There are two devices for the Nintendo 64 that plug into the extension port on the bottom of the system, initially intended for the 64DD: the Doctor V64 and the CD64. In addition to playing backups from a CD, they can both be used to create them by copying the information from a cartridge that is plugged into the Nintendo 64. They store the ROM image in internal memory and can be transferred to a computer via a parallel port for distribution elsewhere. The Z64 uses the cartridge slot on the top of the N64 and has a cartridge slot itself for booting backups as well as making backups. It reads from and stores backups on zip diskettes. The NEO N64 Myth Cart was released in December 2009, long after the Nintendo 64 had been discontinued, and is marketed for retro gamers. The NEO N64 Myth Cart connects to a PC using USB, and ROM images are stored in flash memory.

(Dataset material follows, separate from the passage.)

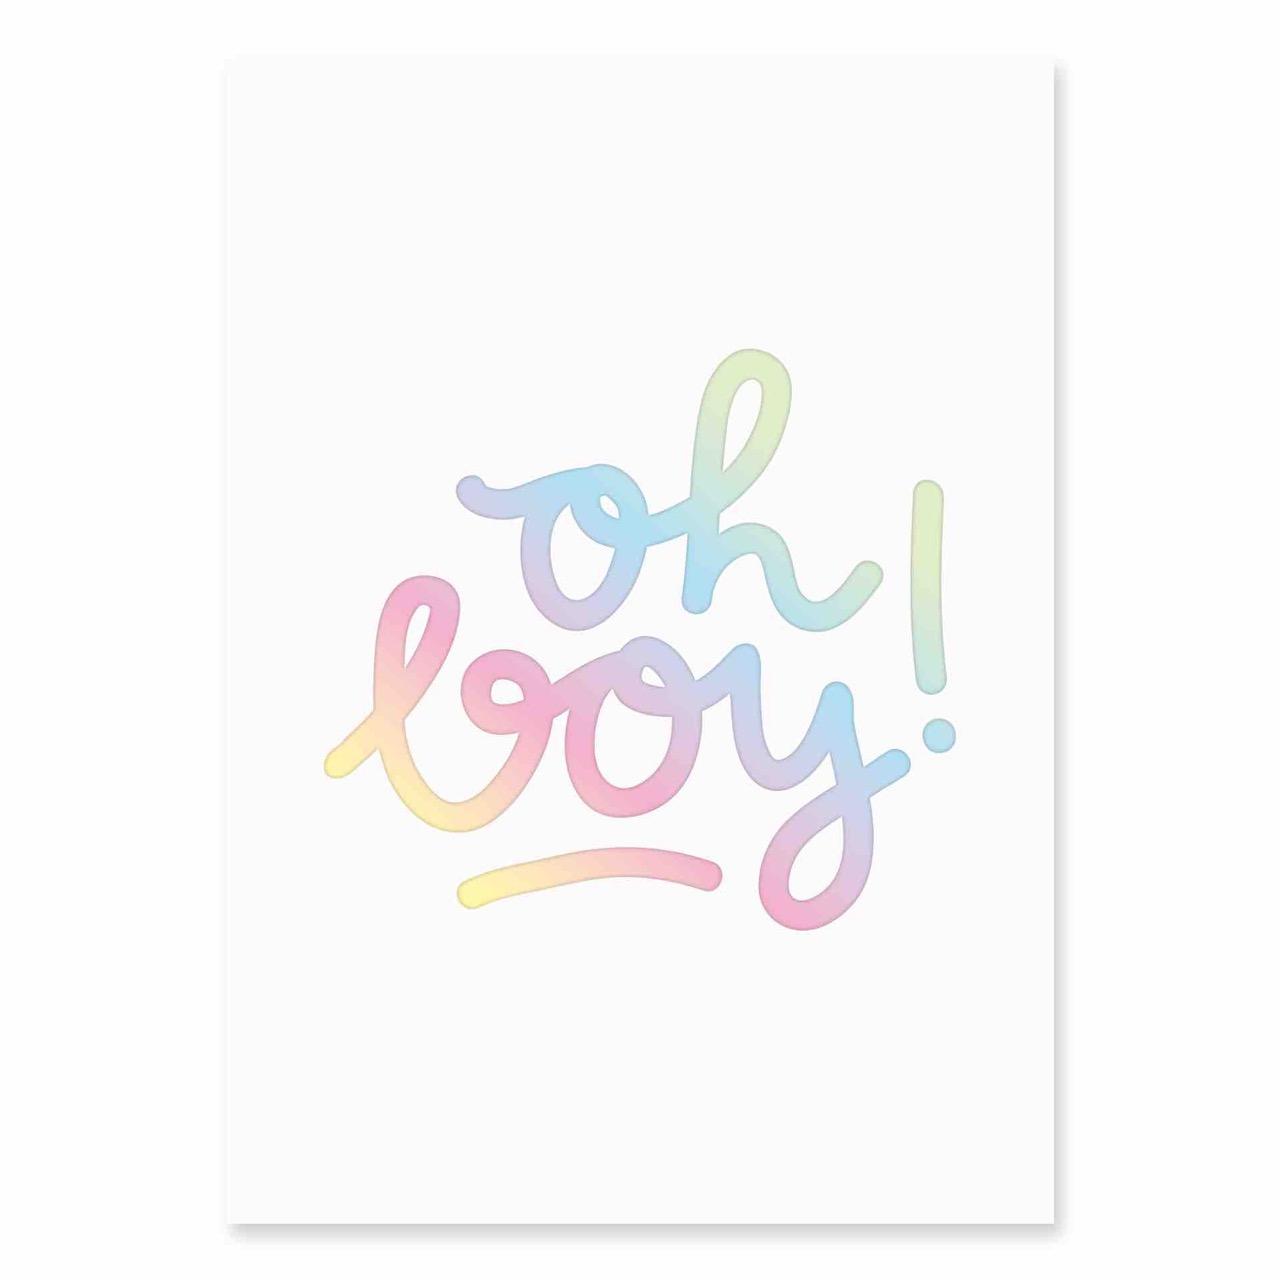 navucko-oh-boy-postkarte

Schematics, PCB designs and source code for a cartridge emulator known as "PVBackup" were released by Valery Pudov.

Modern day devices include the Everdrive 64 and the 64drive. The Everdrive loads ROM images from either USB or from an SD card inserted into the top of the cartridge. The 64Drive also uses USB but can also load games from either SD card or CompactFlash card. Both units require a CIC chip soldering into the board and the plastic casing from a donor cartridge. Neither unit has the ability to backup cartridges. Users can however backup cartridges using a device called Retrode, a USB powered device that installs itself as a mass storage device in Windows, allowing the cartridge information to be backed up.

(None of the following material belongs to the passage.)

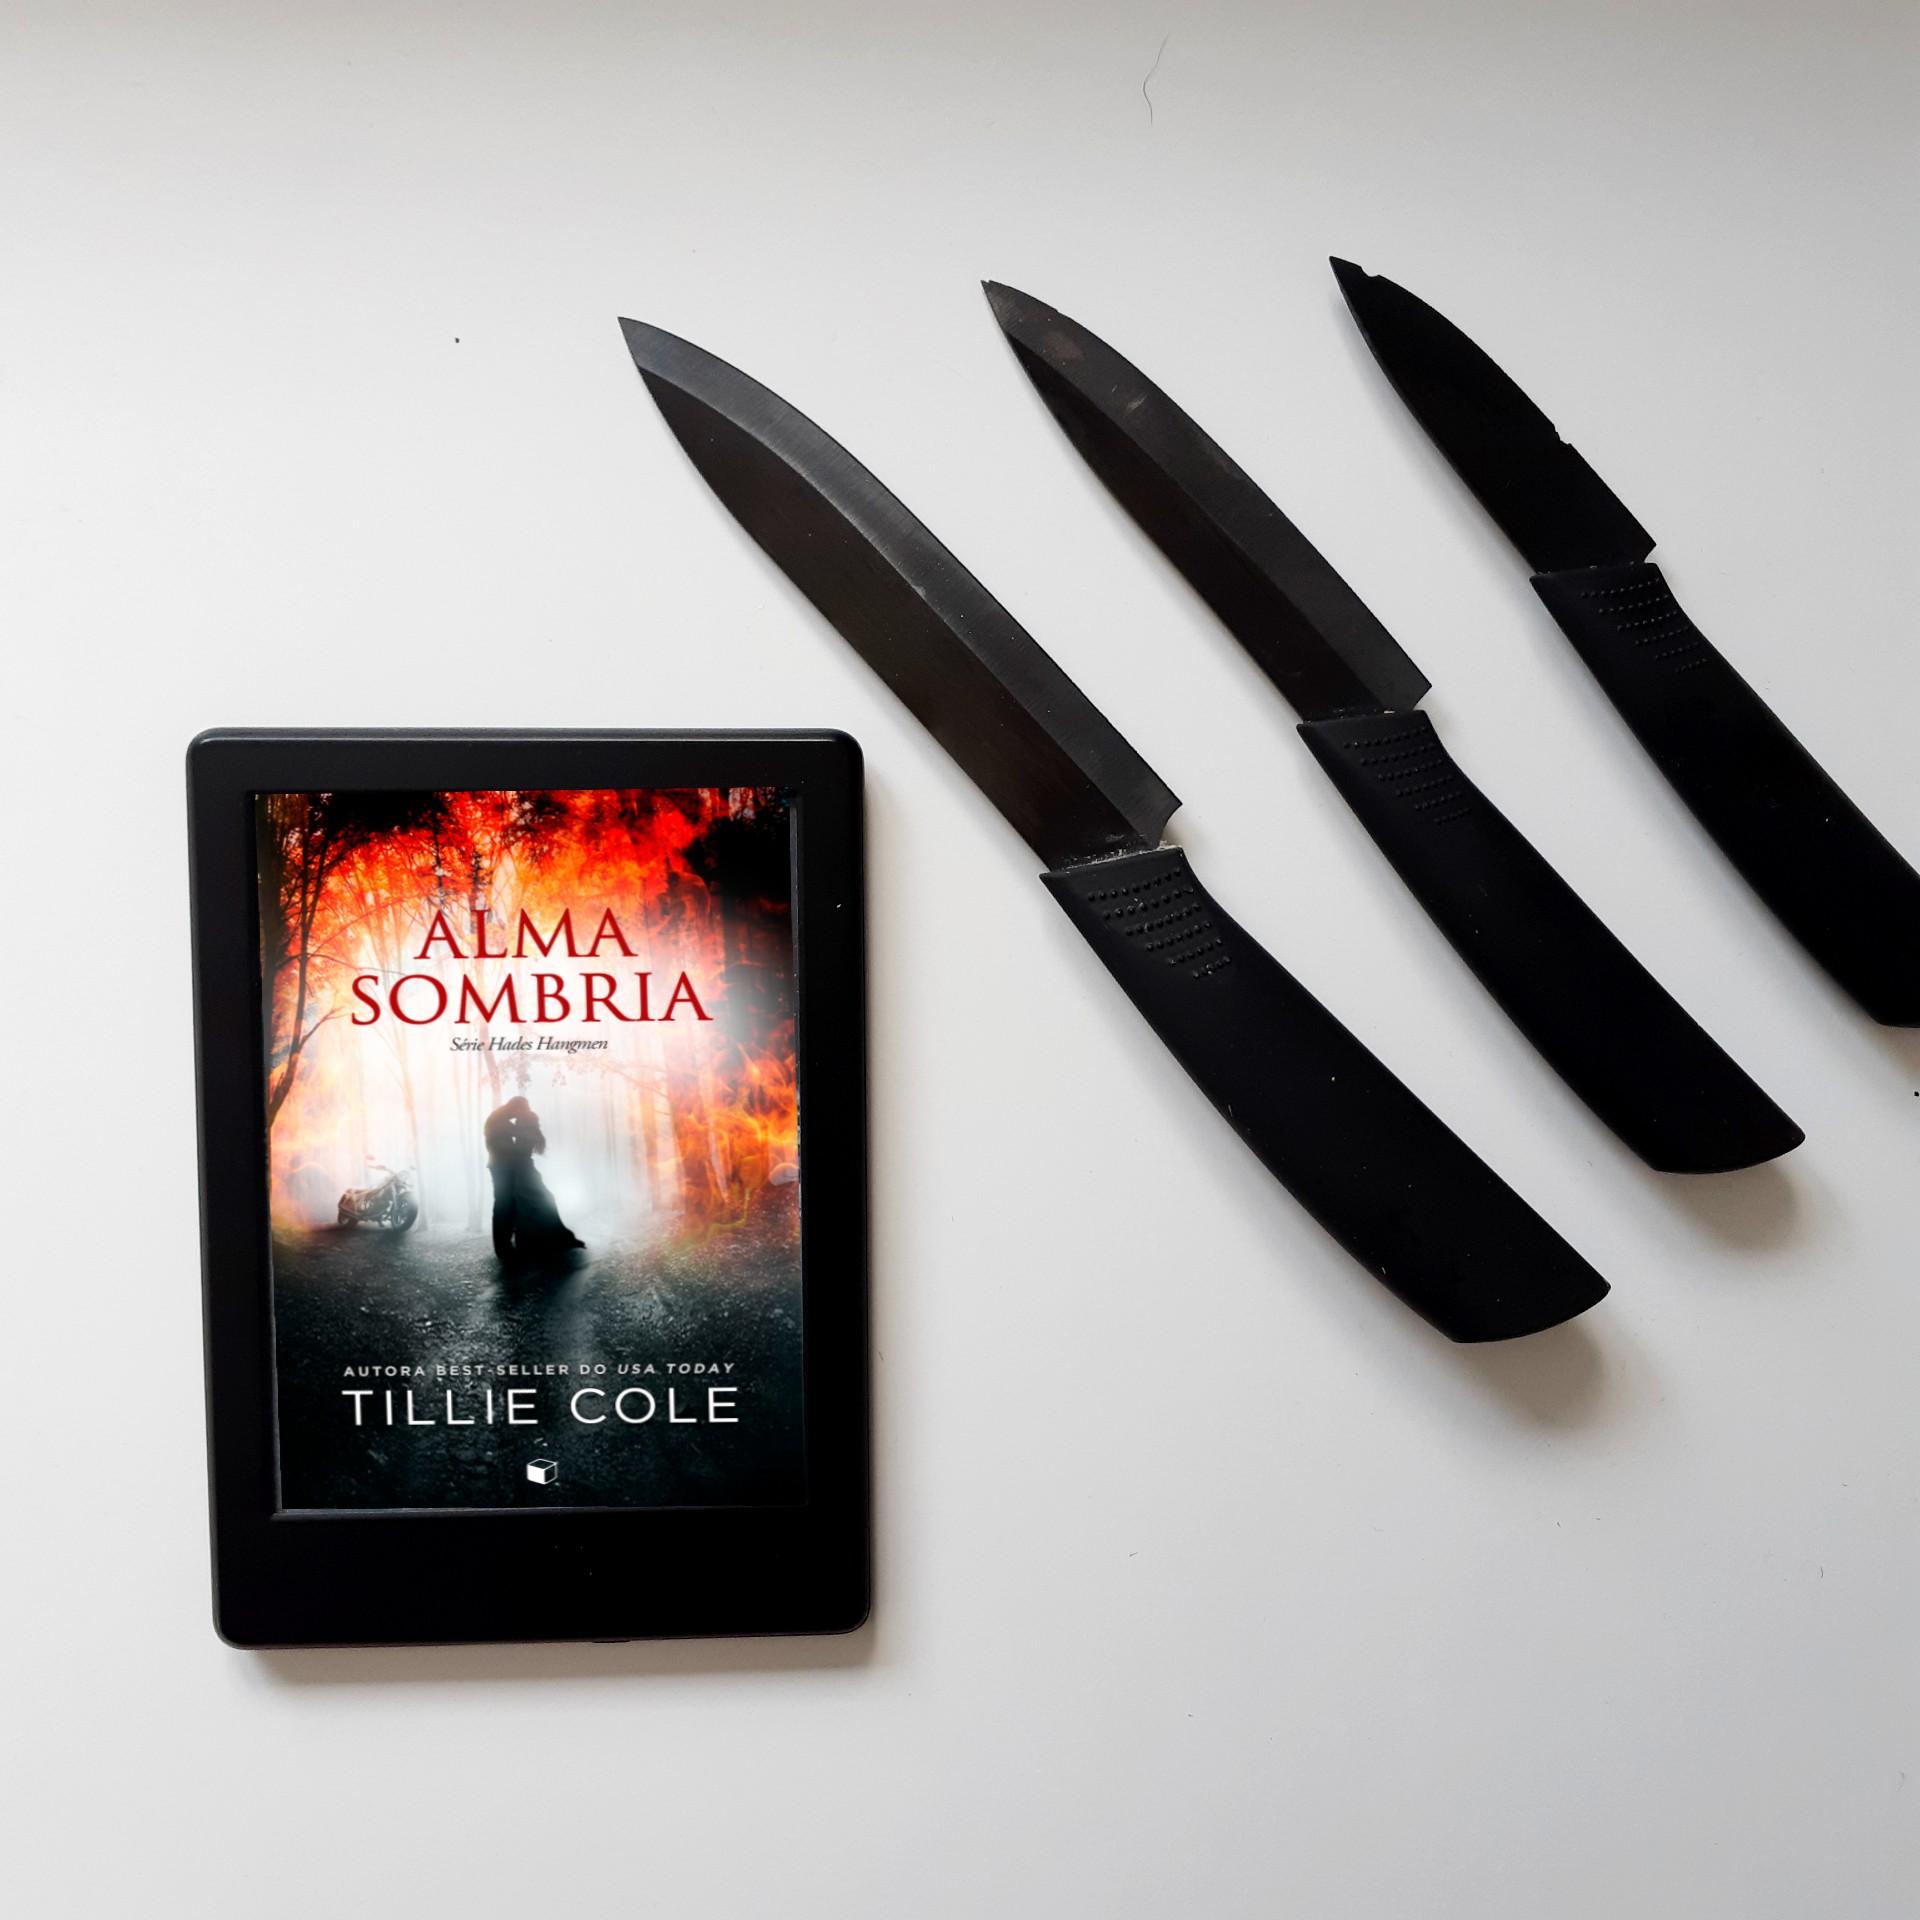 Livro Alma Sombria da série Hades Hangmen

==Backup devices for handhelds==

===Game Boy===
For the original Game Boy and its color successor there are numerous external copiers, such as GB Xchanger, which can back up an inserted Game Boy or Game Boy Color cartridge. The GB Xchanger plugs into a computer in order to copy the games, which can later transfer the game(s) back through the copier to a blank flash cartridge.

===Game Boy Advance===
Early copiers for the Game Boy Advance, Game Boy Advance SP, and Game Boy Micro, like the Flash Advance Xtreme are similar to those used for the original Game Boy, as they are external copiers that use parallel ports to communicate with personal computers.

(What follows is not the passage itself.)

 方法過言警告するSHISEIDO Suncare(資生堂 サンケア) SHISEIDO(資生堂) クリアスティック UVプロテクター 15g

The copiers eventually made use of USB with products like first generation XG-Flash carts, which also used external copiers, but benefited from faster write speeds than its parallel port predecessors. This technology evolved into onboard external copiers like the EZFlash Advance that used the Game Boy Advance itself as a copier. These USB cables would plug into the GBA's proprietary port used for Game Link Cables or accessories like the e-Reader and when booted while holding Start and Select, would connect to a PC. These versions are not compatible with the Game Boy Micro because it uses a different port than the GBA and GBA SP.

===Nintendo DS and 3DS===
There are not any commercial backup devices for the Nintendo DS and Nintendo 3DS that are widely available, yet many devices exist to play backups on a DS or 3DS. These flashcarts are capable of using specific software to backup both DS and 3DS or Game Boy Advance games. There is the possibility to create backups using a 3DS with custom firmware (with DS and 3DS).

===Other handhelds===
Bung released a copier for the Neo Geo Pocket and the Neo Geo Pocket Color. It resembled their GB Xchanger and it served the same function.

A copier for the Japan-only handheld, the Wonderswan, as well as the Wonderswan Color and to a lesser extent, the SwanCrystal, was released called the WonderMagic. It uses a parallel port for communication with a PC.